Второй вывод, напрашивающийся даже при беглом знакомстве с теми темами и сюжетами, которые мы встречаем на изделиях лаконских мастеров: быт и культура спартанцев этой эпохи мало чем отличались от быта и культуры ионийских греков Малой Азии или жителей Коринфа и Сикиона в Северном Пелопоннесе. Конечно, речь здесь может идти только о высших слоях общества, об аристократии, т. к. большая часть тех произведений искусства, которые были обнаружены при раскопках святилища Орфии, предназначались именно для нее. На костяных рельефах, геммах, рисунках на вазах мы видим этих спартанских καλοί καγαθοί, выезжающими на охоту верхом на конях или весело пирующими в обществе обнаженных гетер. Аналогичные сцены можно встретить в вазовой живописи Коринфа, городов Эвбеи, любого другого греческого полиса в эпоху господства аристократии. Очевидно, жизнь спартанской знати была в этот период такой же разгульной и веселой.

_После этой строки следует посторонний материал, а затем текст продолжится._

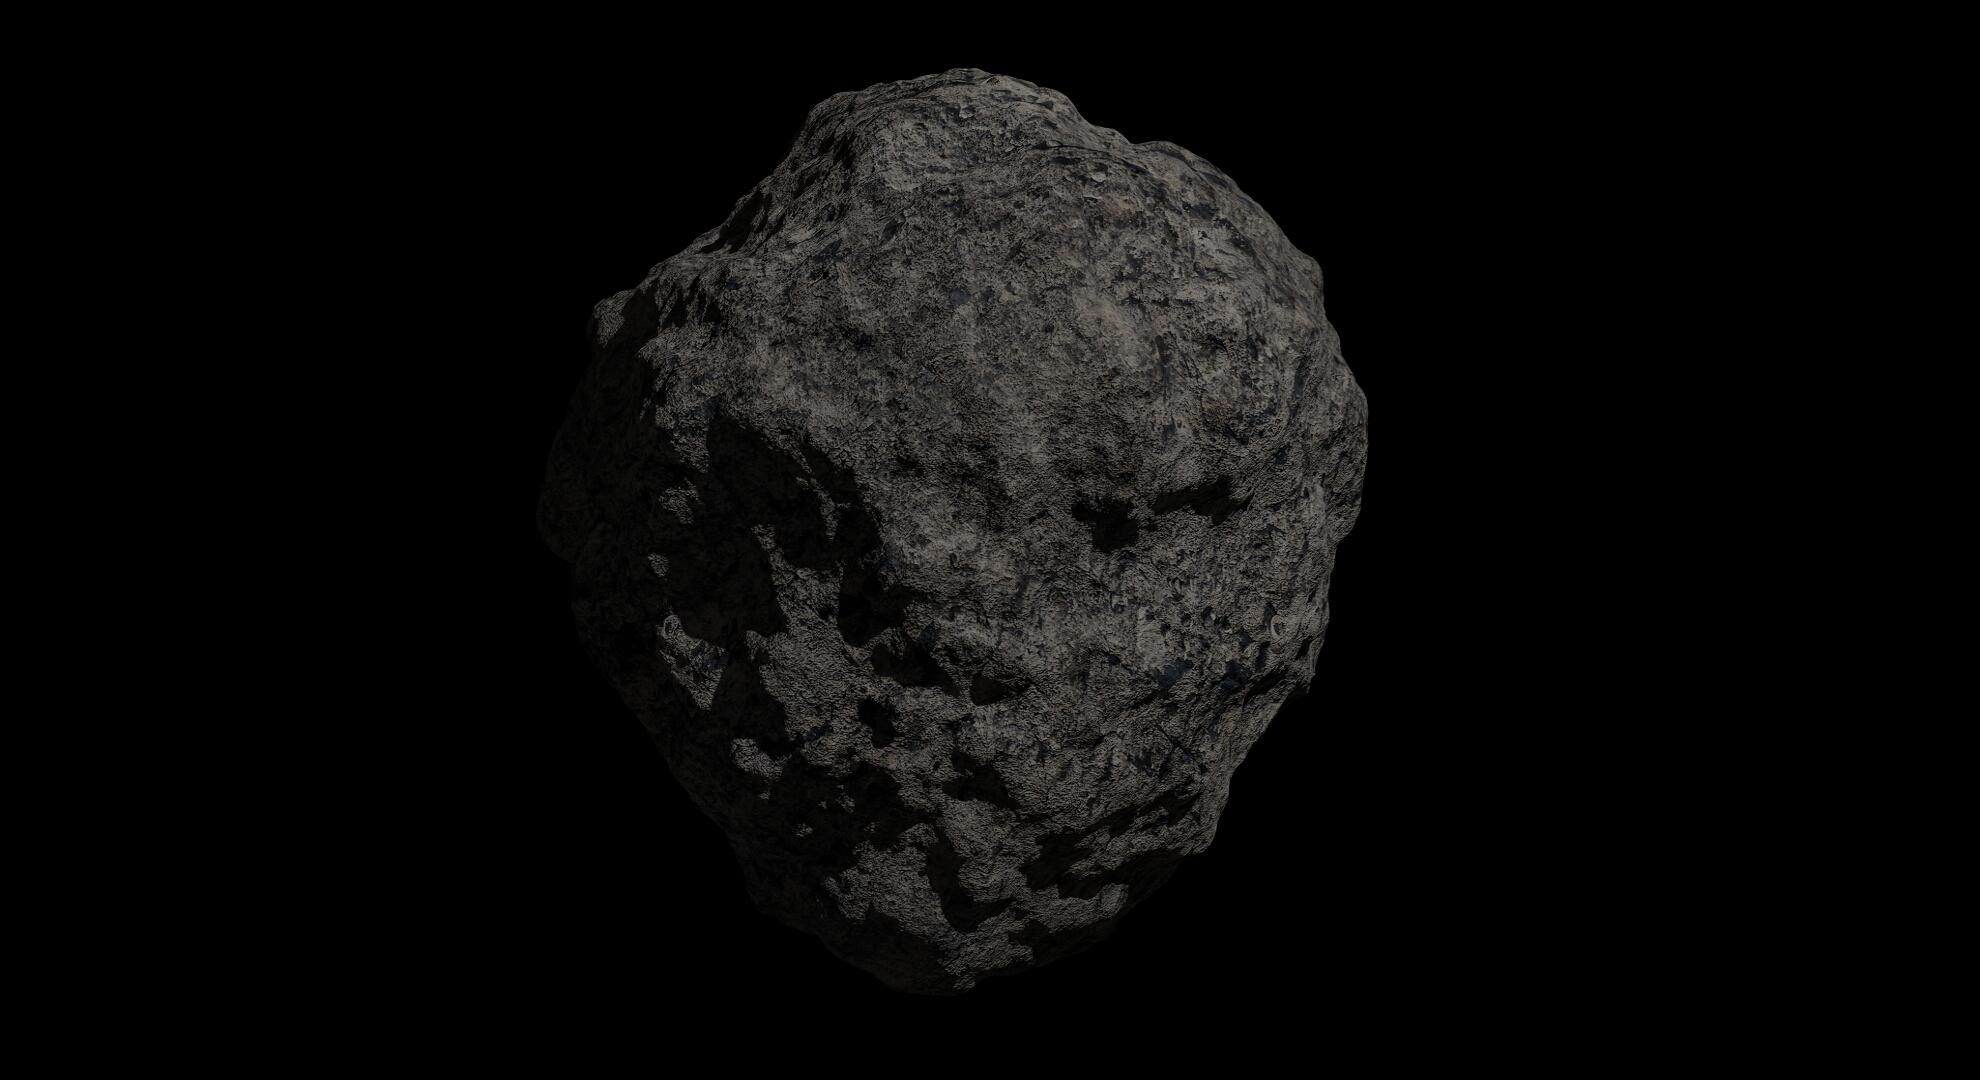 fantasy asteroid 2 3d model 3ds blend dae fbx obj 267198

Итак, Спарта, которая предстает перед нами в произведениях лаконских ремесленников и художников VII—VI вв. до н. э. — это совсем не та угрюмая казарменная Спарта, которую мы знаем по сочинениям Ксенофонта и Плутарха. Археология разрушила этот ставший уже хрестоматийным в европейской науке образ или, по крайней мере, ограничила его во времени (оказалось, что Спарта не с самого начала была такой, какой ее себе обычно представляли).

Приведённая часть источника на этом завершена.